First clinical trials of brain cancer immune therapy succeed and account for individual genetic features

Main challenges in treating brain cancer patients are high risk of disease recurrence and death within 1-1.5 years after the tumor onset. Existing therapeutic technologies are based on stimulating the patient's immune system to fight malignant tumors, which is rarely effective enough and causes side effects.

A group of scientists has conducted a comprehensive study of the processes that help the immune system to attack brain cancer cells and save healthy tissue. The study is based on the fact that in some brain cancer patients disease developed extremely aggressive. Genetic testing of malignant tissues samples from these patients revealed mutation of the epidermal growth factor protein receptor (EGFRvIII). Such a mutation blocked standard immune therapy effect on tumor using T-cells developed to express the chimeric antigen receptor (CAR).

Initial scientific research was performed in laboratory mice and was objected to developing and testing antibodies that are able to selectively bind EGFRvIII surface-expressing cells. Scientists developed a range of antibodies called variable single-chain fragments (ScFv) and selected those that recognize mutated proteins and distinguish them from the normal EGFRs that are widely present on cells in the human body.

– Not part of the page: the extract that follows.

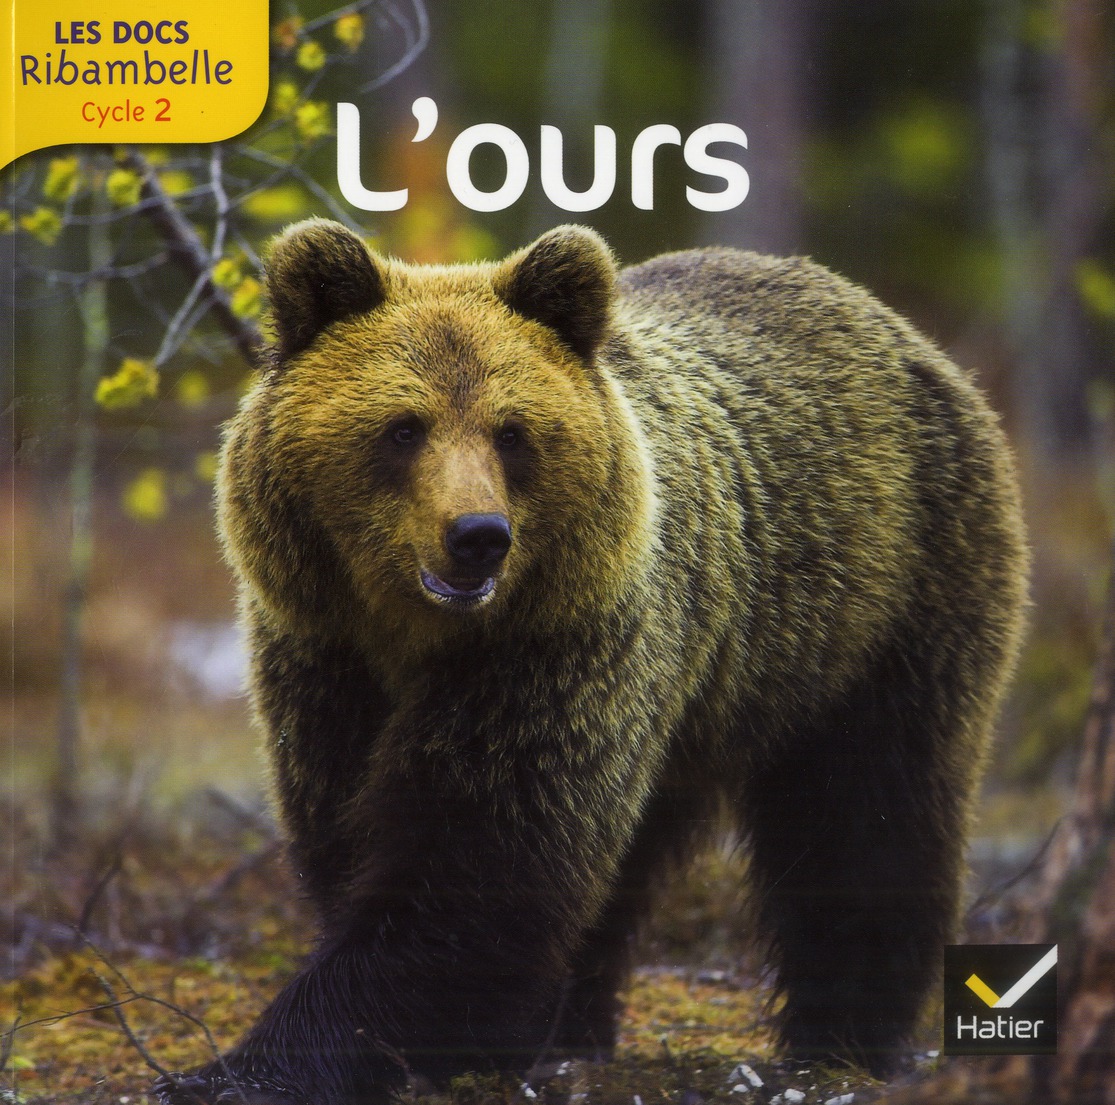 LES DOCS RIBAMBELLE CYCLE 2 ED. 2013 - L'OURS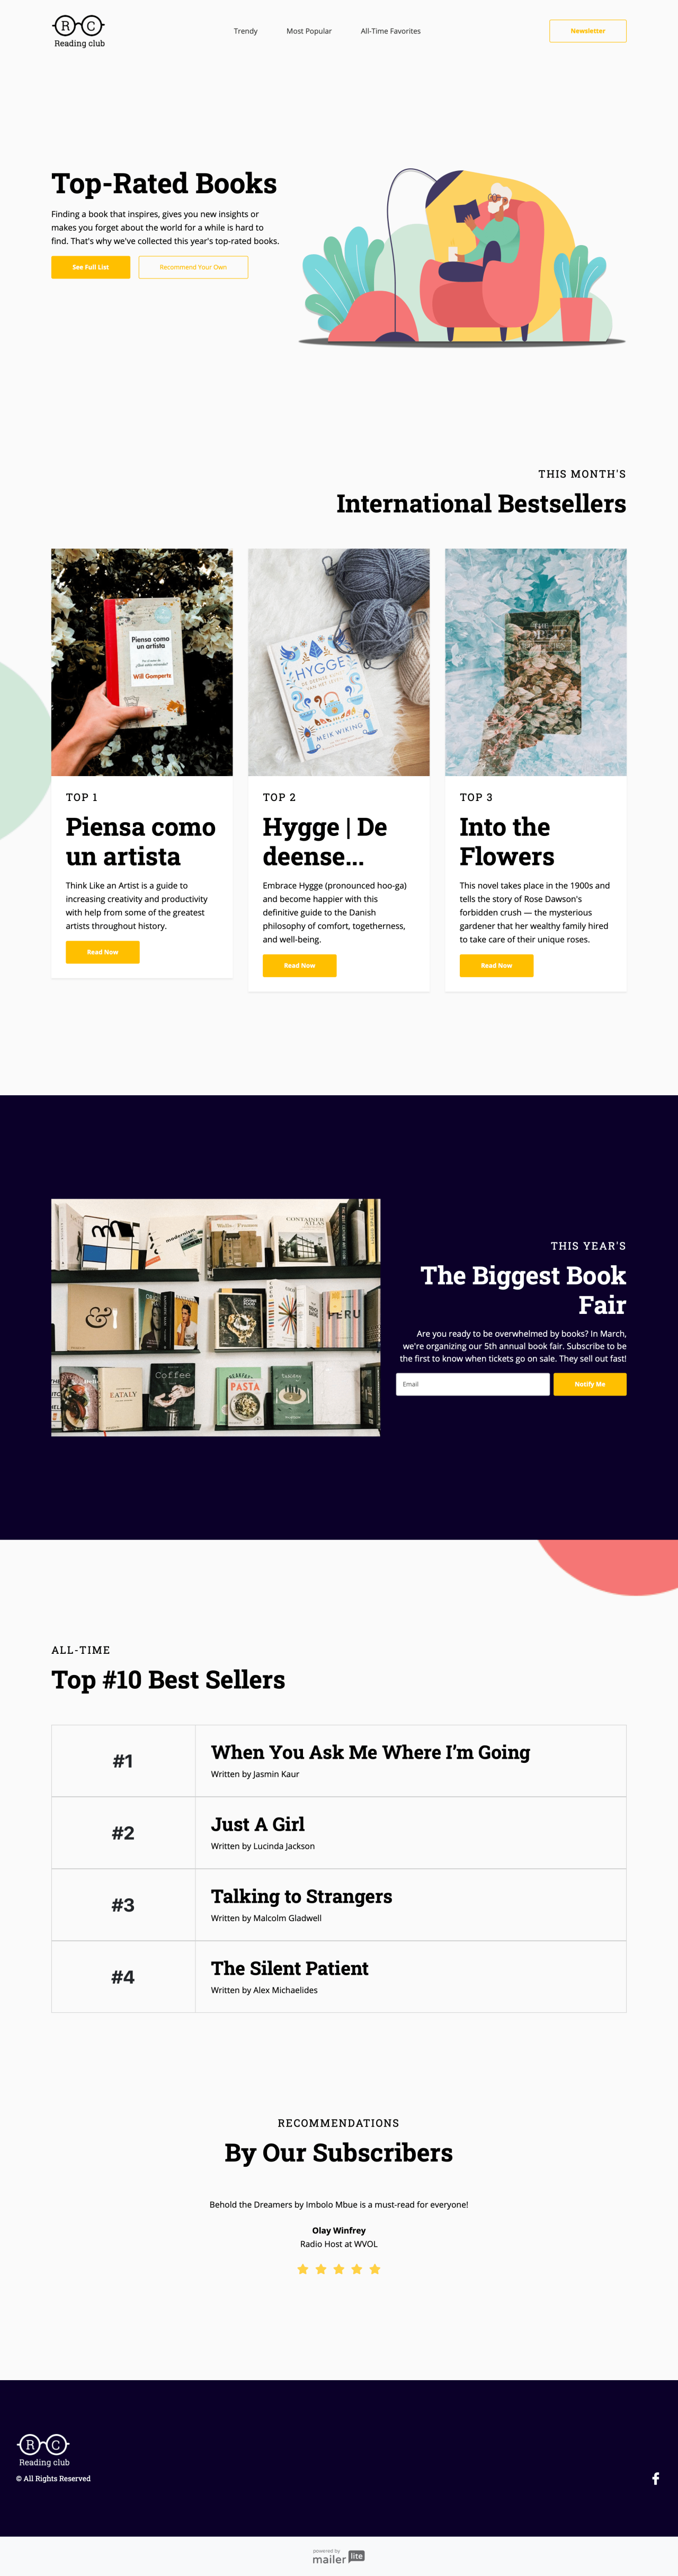 Top books template - Made by MailerLite

Second stage used genetic engineering methods, and mouse ScFvs were made similar to human ones and the analysis repeated. Humanized mouse single-stranded fragments were compared with their human-origin counterparts, and those fragments able to distinguish normal EGFRs from mutated were selected. Selected ScFvs were evaluated for their ability to transport T cells. It was revealed that EGFRIII engineered CAR T cells did not attack cells with normal epidermal growth factor receptors in animal models.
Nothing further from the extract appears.